Билеты в театр еженедельно и раза два-три в кино… Это накладно и для генеральского сына. Одна Лида ничего не подозревала, и после ее новогоднего дня рождения я понимал почему. Она была настолько наивна, что, видимо, считала — так живут все, ну, чуть похуже, но есть ведь и лучше. Кроме того, нужны «Казбек», «Гвардейские», «Герцеговина Флор», «Москва — Волга», «Северная Пальмира». Источник их не иссякал, а старик еврей смотрел на меня уже как на достойного доверия постоянного клиента, вероятно, он дал бы коробку-другую в долг, если б был настоящим лавочником… Подгоняемый взглядами Гуссейна и страхом перед разоблачениями старухи квартирантки, я решил расстаться с костюмом. Бог с ним… В таком бостоне даже неприлично щеголять подростку, ведь есть у меня и еще один костюм. Все-таки он не слишком плох, не говоря уж о том, что остаются и ботинки. В воскресенье я продал костюм на базаре, его купил сразу тот самый деляга, который летом дал безошибочную характеристику моим «швейцарским» часам. Конечно, я не радовался, лишившись костюма. Но бодро думал, получив деньги: «Ладно. Доживу до лета — заработаю. Куплю новый. Летом мне пойдет шестнадцатый — на работу примут. Зато отдам долги, запасусь папиросами, и еще останется раз на десять сходить с Лидой куда-нибудь».
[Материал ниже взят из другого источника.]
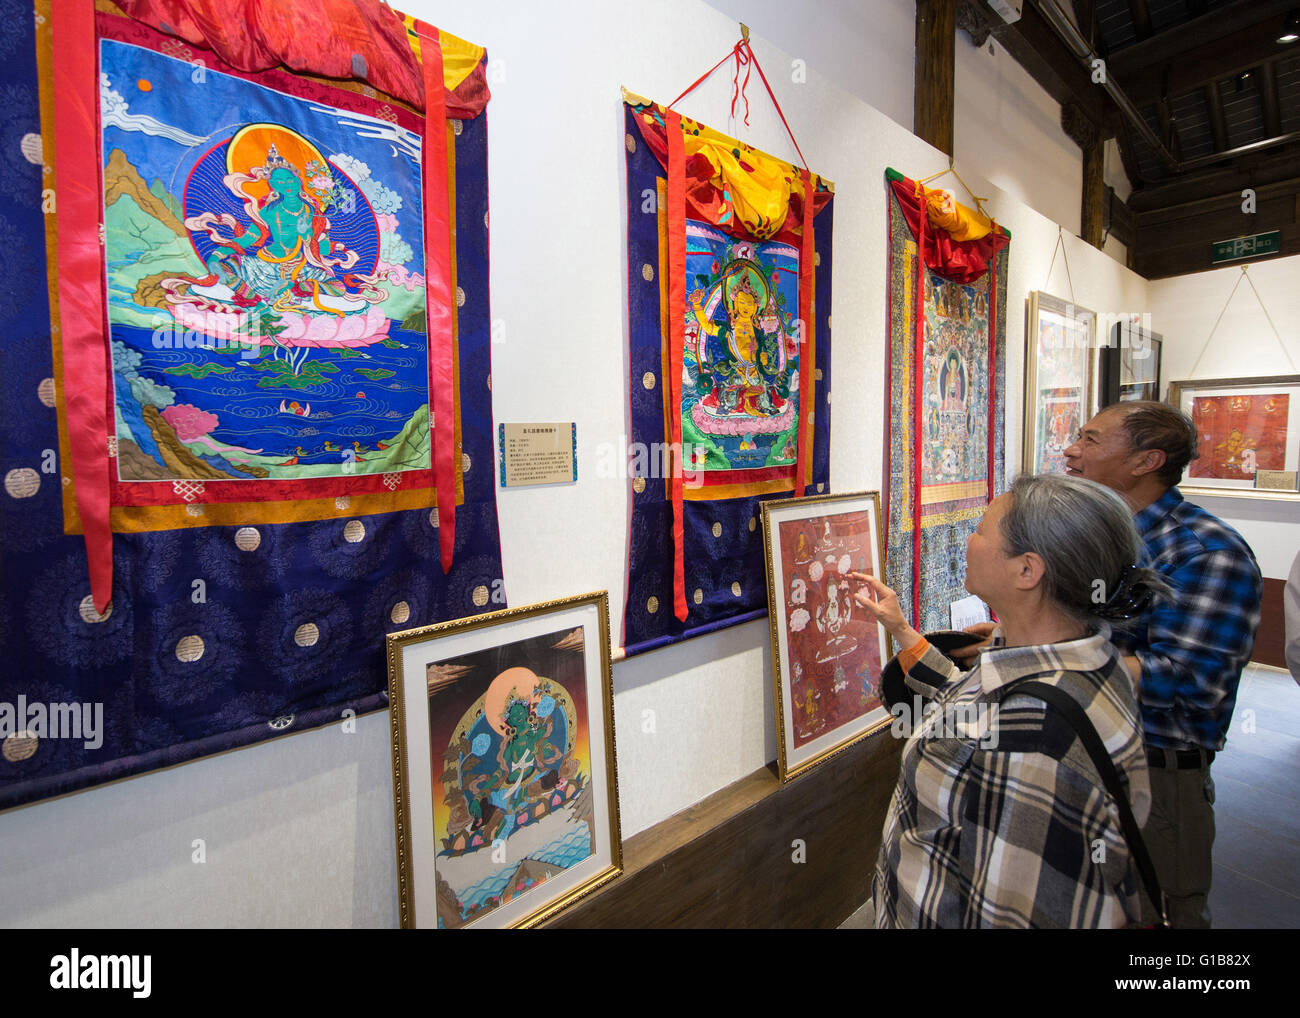 Nanjing, Nanjing, CHN. 12th May, 2016. Nanjing, China - May 12 2016: (EDITORIAL USE ONLY. CHINA OUT ) Thangka Exhibition from Gongka County Mozhu Yibet in Nanjing's Yu Garden. A thangka, variously spelt as tangka, thanka or tanka (Nepali pronunciation: [?t??a?ka]; Tibetan: ?????; Nepal Bhasa: ????) is a Tibetan Buddhist painting on cotton, or silk appliquÂ¨Â¦, usually depicting a Buddhist deity, scene, or mandala. Thangkas are traditionally kept unframed and rolled up when not on display, mounted on a textile backing somewhat in the style of Chinese scroll paintings, with a further silk cover Stock Photo
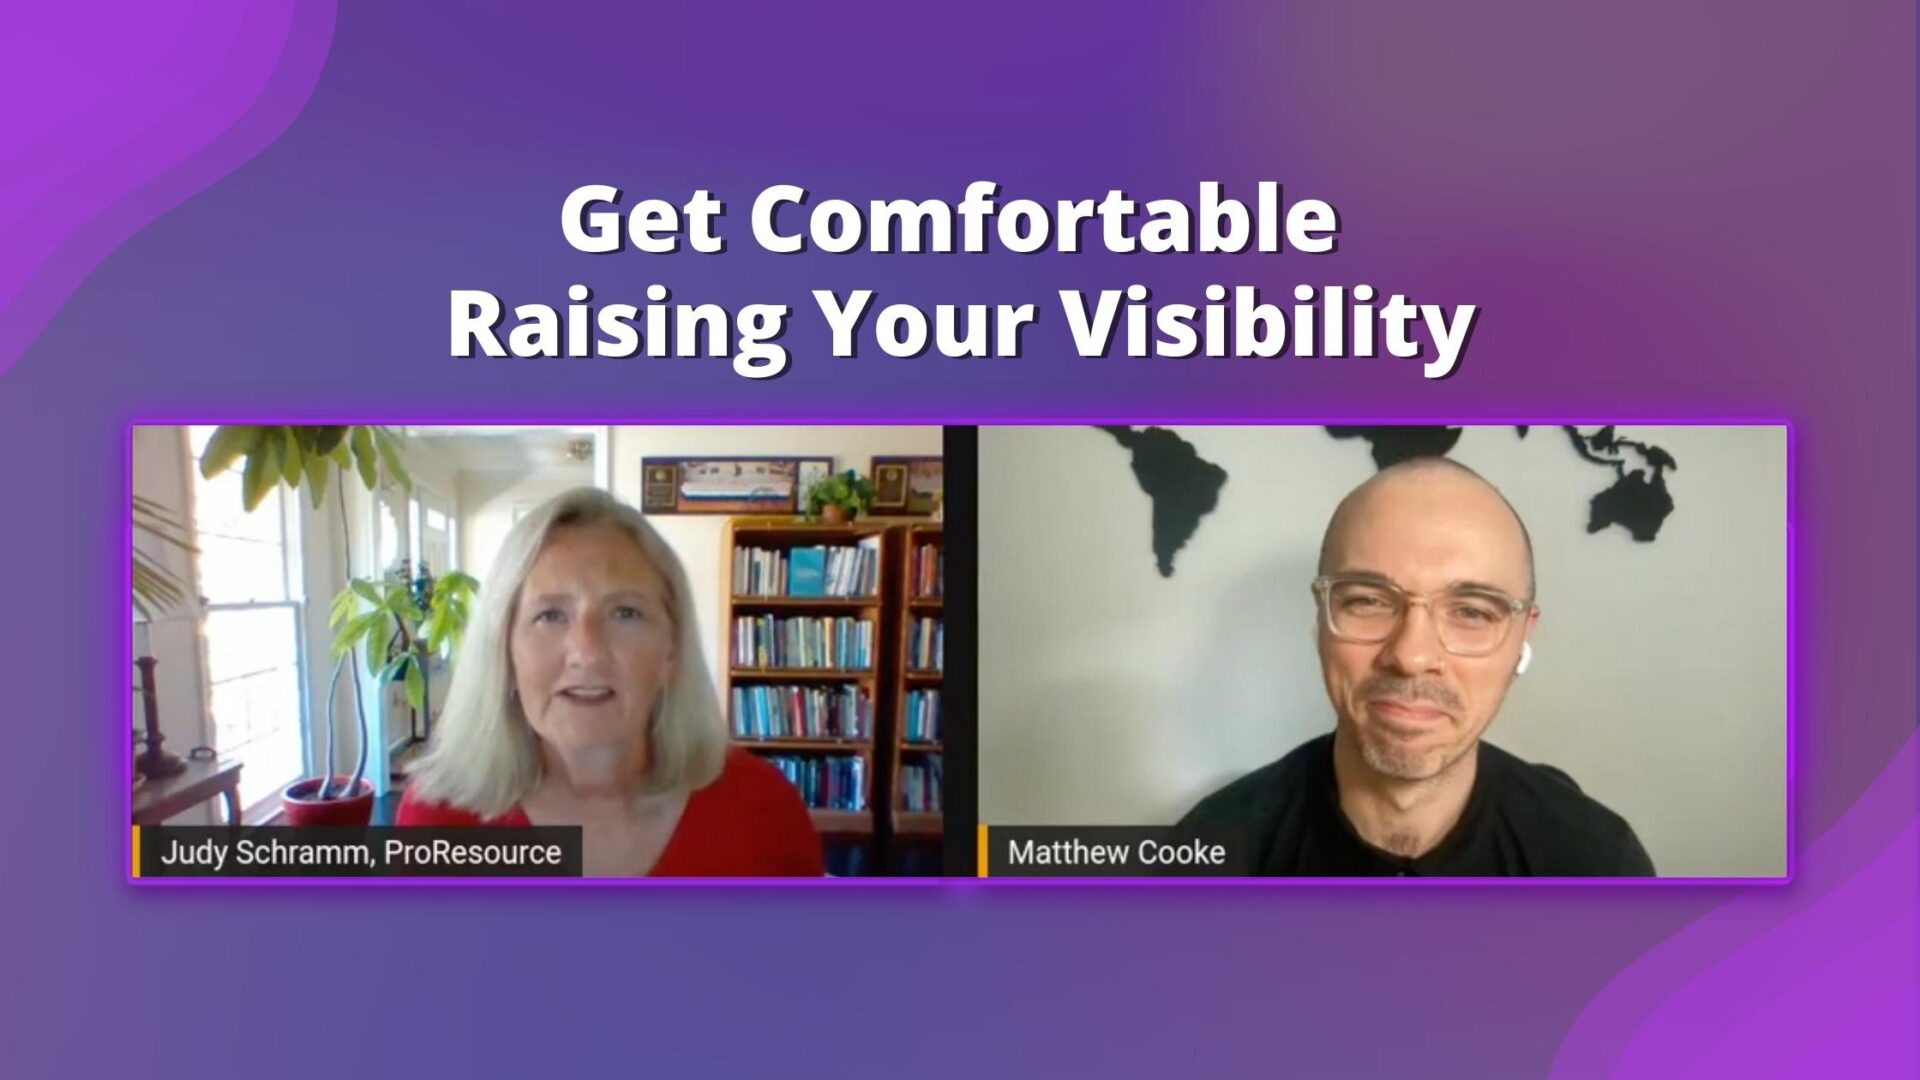 Get Comfortable Raising Your Visibility blog cover image

Как ни странно, я испытал нечто вроде облегчения, избавившись от костюма: ушло главное в моей фальшивой роли, что, очевидно, и питало и поддерживало ее. Я никогда не был актером по призванию (хотя все мы, наверное, актеры в жизни и каждый играет свою роль или несколько ролей в зависимости от своих способностей) и все-таки, наверное, могу понять артиста, который, снимая шутовское облачение, все эти колпаки с бубенцами, дурацкий грим и прочие атрибуты, чувствует, как снова становится просто человеком и живет уже этой человеческой простотой, несколько приправленной сознанием, что он еще и артист. Теперь я старался не говорить ни о чем таком ни с Лидой, ни с Мосоловым, переводил разговор на другие темы. Странно, однако мои отношения с Мосоловым все более приближались к дружбе, и, пожалуй, скорее он стремился ко мне, чем я к нему. Учиться же я стал совсем хорошо, хотелось не уступать ни в чем Лиде, и вот даже геометрия очень скоро перестала приводить меня в уныние и удивление перед собственной тупостью. И на ринг выходил теперь собранный, уверенный, таким же и уходил, хоть доставалось немало. Не стало костюма, и на короткое время стабилизировались наши отношения с Лидой, теперь только она недоверчивее посматривала на меня и часто величала «девятиклассником», улыбалась немного вкось, а я замолкал и отворачивался.
XIII
Иногда в теплые предвесенние дни и вечера я не покупал билетов ни в театр, ни в кино — просто предлагал Лиде погулять. Она соглашалась, без особого, впрочем, желания и энтузиазма. Мы бродили по городу, но не по главной людной и надоевшей улице — где Лиде как раз нравилось, — а сворачивали в малознакомые улицы, в, переулки и проезды. Мне всегда хотелось забираться туда, где еще не был, потому что люблю разглядывать дома в большинстве своем старые, с резьбой, с разнообразными окнами и наличниками, с «парадными», с флюгерами на крышах, с воротами и оградами из чугунных узорных решеток — глядишь и думаешь: каждый дом — своя судьба, история, люди, его населяющие и населявшие, лицо и характер его хозяина. Особенно интересно в улицах за городским прудом: здесь остался не тронутый временем старый город, — город бывших торговцев, купцов всех гильдий, зажиточных мещан, адвокатов, врачей, присяжных поверенных, полицмейстеров и частных приставов, ростовщиков, офицеров, кисейных барышень, священников и благочинных. Здесь же был и город дворников, горничных, лакеев, извозчиков, мелких торгашей, шарманщиков, золоторотцев и бродяг. Я очень любил Горького, читал его взахлеб, а здесь прошлое, то самое нижнегородское, глядело из каждой подворотни, каждой завитушкой нарядного и уже потемнелого перекошенного крыльца, ржавой биркой страхового общества «Феникс», прибитой над воротами, старушечьей «файшенкой» — в такой моя бабушка всегда ходила в церковь, — даже особым видом этих улиц, с толстыми, наклонно растущими тополями и предвечной неспешной тишиной. Был интересен этот ушедший мир, я любил раздумывать о его судьбе, глядя на дома.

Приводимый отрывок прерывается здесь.